Chairul Rifan

Personal information
- Full name: Mohammad Chairul Rifan
- Date of birth: 3 December 1989 (age 36)
- Place of birth: Bondowoso, Indonesia
- Height: 1.76 m (5 ft 9 in)
- Position: Defender

Team information
- Current team: Perseba Bangkalan

Senior career*
- Years: Team / Apps / (Gls)
- 2006–2008: PSIL Lumajang
- 2009–2010: Persedikab Kediri / 3 / (0)
- 2011: Persik Kediri / 14 / (0)
- 2012: Jakarta FC 1928 / 11 / (0)
- 2013: Arema Indonesia / 8 / (0)
- 2013: Persenga Nganjuk / 4 / (0)
- 2014–2015: Pelita Bandung Raya / 18 / (1)
- 2016: Persepam Madura Utama / 16 / (0)
- 2017: Persegres Gresik / 13 / (0)
- 2017: Persepam Madura Utama / 9 / (0)
- 2018: Madura / 26 / (0)
- 2019–2021: PSCS Cilacap / 27 / (0)
- 2022: Persiraja Banda Aceh / 16 / (0)
- 2022–2024: Sulut United / 28 / (0)
- 2024–2025: Persikab Bandung / 8 / (0)
- 2025–2026: Persinga Ngawi / 26 / (0)
- 2026–: Perseba Bangkalan / 0 / (0)

= Chairul Rifan =

Indonesian association footballer

Mohammad Chairul Rifan (born 3 December 1989) is an Indonesian professional footballer who plays as a defender for Liga 4 club Perseba Bangkalan.

==Club career==
===Madura FC===
In 2018, Chairul Rifan signed a contract with Indonesian Liga 2 club Madura. He made 26 league appearances for Madura FC.

===PSCS Cilacap===
He was signed for PSCS Cilacap to play in the Liga 2 in the 2019 season. Rifan made 27 league appearances for PSCS Cilacap.

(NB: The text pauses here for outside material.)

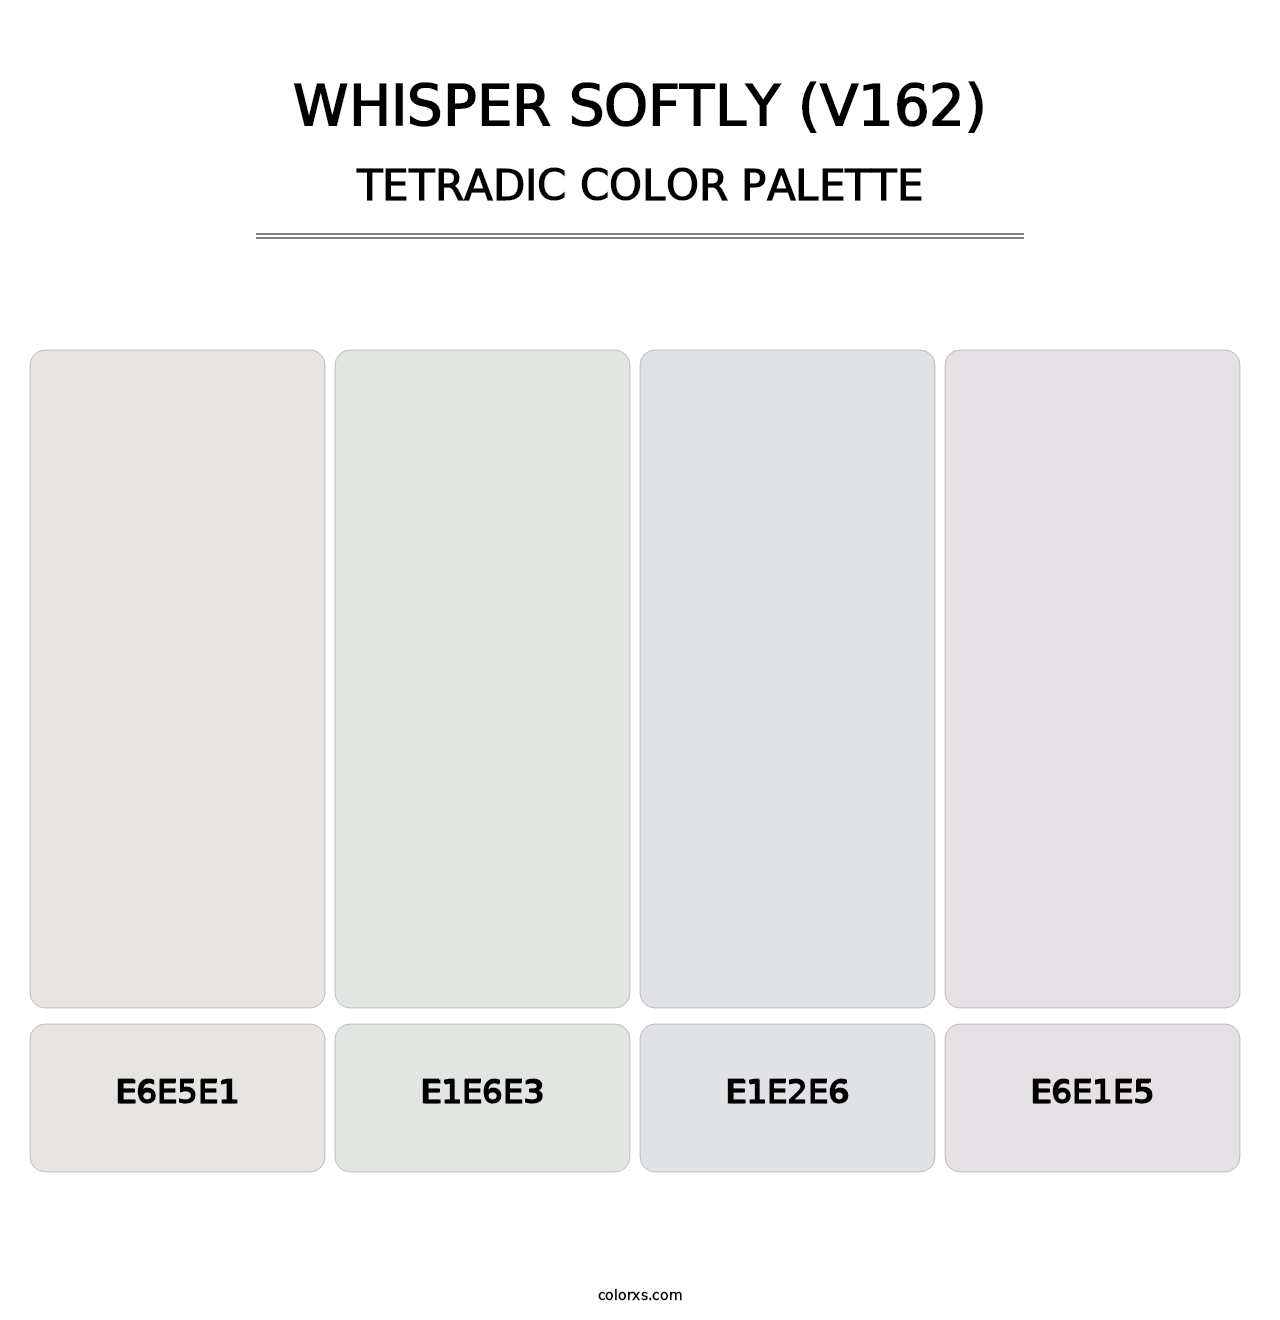 Whisper Softly (V162) - Tetradic Color Palette

===Persiraja Banda Aceh===
In January 2022, Rifan signed a contract with Liga 1 club Persiraja Banda Aceh. He made his league debut in a 1–0 loss against PSIS Semarang on 12 January 2022 as a substitute for Assanur Rijal in the 54th minute at the Kompyang Sujana Stadium, Denpasar.